I acknowledge the excellent work the INIS does. Whenever we raise issues regarding people seeking a different status or to have their status recognised, there is a very efficient and professional response. The introduction of a single procedure will address current delays in the protection application system. There are very significant delays and there have been significant increases in the number of people seeking refugee status. Applications for refugee status increased by 53% in 2014, and in February 2015 the number of applications was 138% ahead of the same period in 2014. There is a significant international crisis due to geopolitical events, and many Members have spoken about them. When there is military intervention, from whatever side, in countries such as Iraq, Afghanistan and Libya, it leads to major destabilisation of the lives of ordinary people. Millions of people are refugees as a result of it. I support the view that we should do whatever can be done to support countries that are adjacent to those countries and offer protection to the refugees. I welcome that the EU, the US, Russia and other countries recognise the need to create stability in the locations nearest to the home countries of the refugees in order that when political stability is restored, they are in a position to return. There is an urgent need to do this. There is no point in replacing one evil dictator with another one, as has been done, regrettably, and allowing more of the same.

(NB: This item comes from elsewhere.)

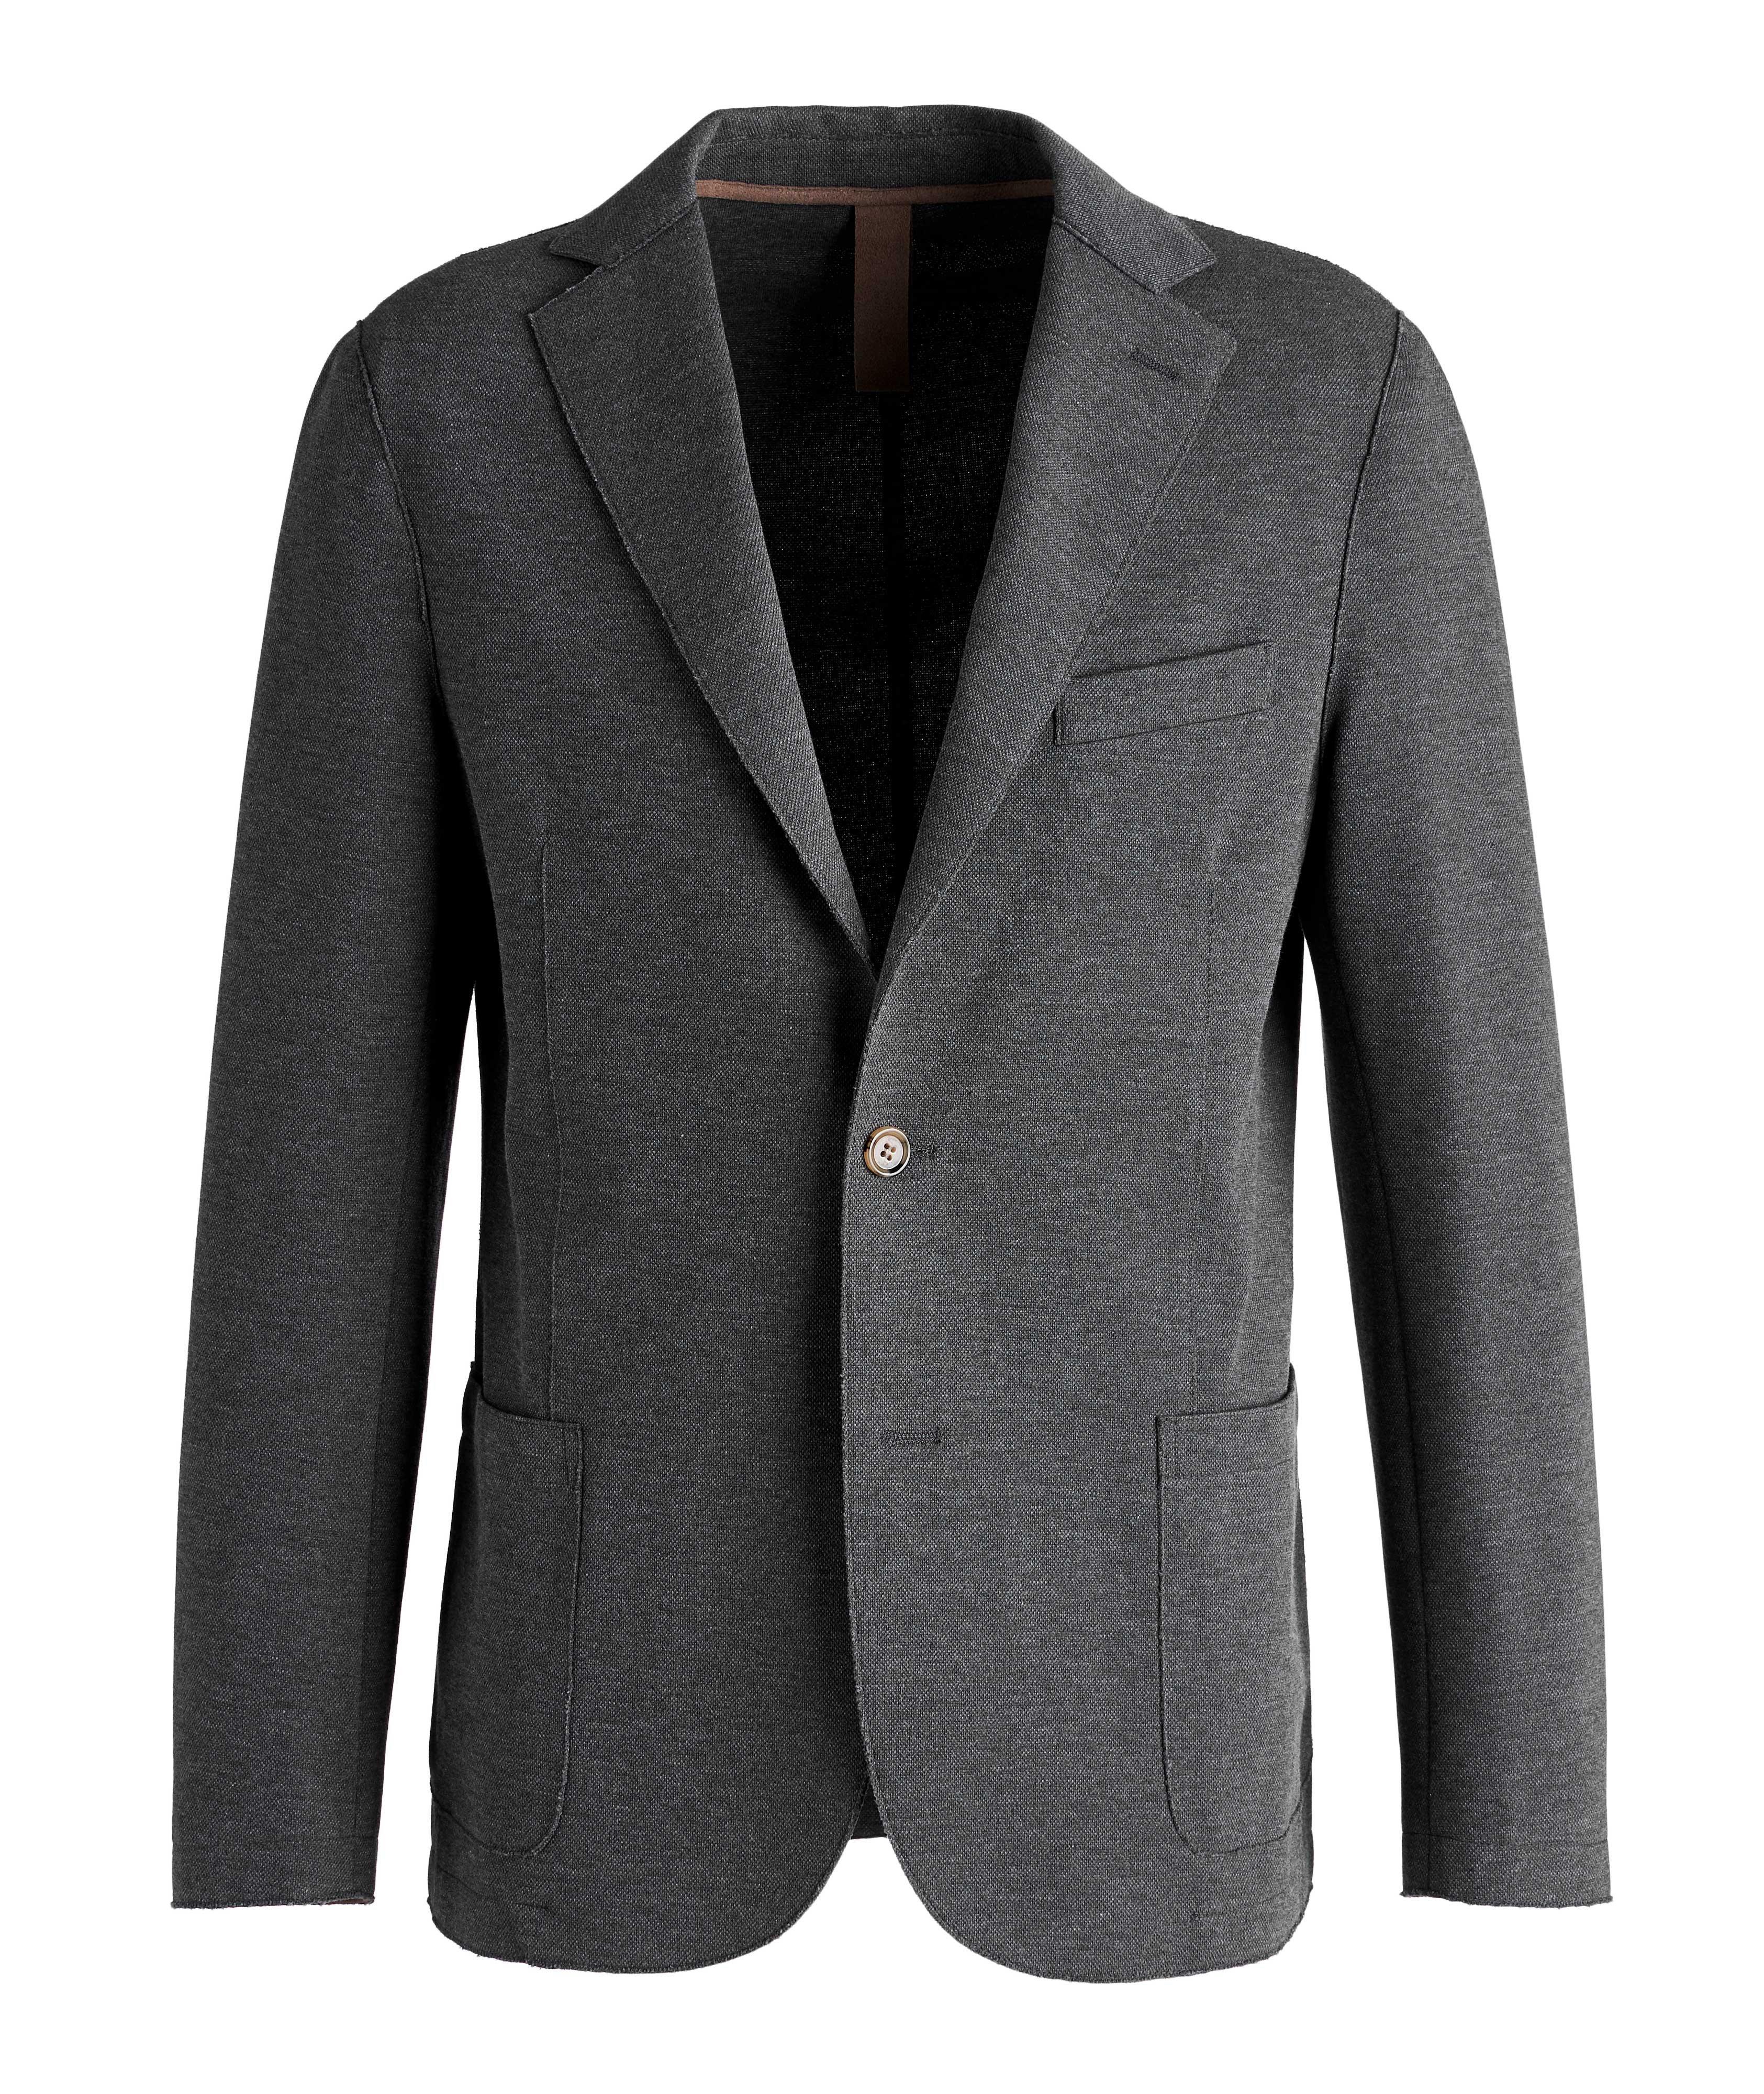 Unconstructed Stretch Sports Jacket image 0

I agree with the parallels that have been drawn between refugees from Ireland in the 18th and 19th centuries and the refugees who are here now. The millions of Irish people who left our shores in the 18th and 19th centuries went due to extreme poverty at home because they had no education or future and because the only place of hope and opportunity was America. Roman Catholics were a minority in America when they went there first. The Irish people had a different religion, spoke a different language, did not have education and skills and were looked down on and discriminated against for a significant number of years. Only after the American Civil War and the sacrifices Irish people made during it were Irish people fully integrated into American society. Despite this, we have made significant progress in America.
We need to ensure there is continuing progress by refugees who live in our society, who have the right to remain here and whose children are as Irish as anybody else's children. We need to integrate people from the immigrant community into public life. Whoever the next Taoiseach is, I suggest he or she consider appointing somebody from the immigrant community to the Seanad to give them a clear voice in our Parliament to speak with clarity, knowledge and authority about the issues immigrants face as they fully integrate into our society. We often have a difficulty finding a clear voice for immigrants. No doubt immigrant candidates will stand for election. If they are not elected to the Oireachtas, we should ensure and insist they are represented here in order that their views can be taken into account by the Members of the next Dáil.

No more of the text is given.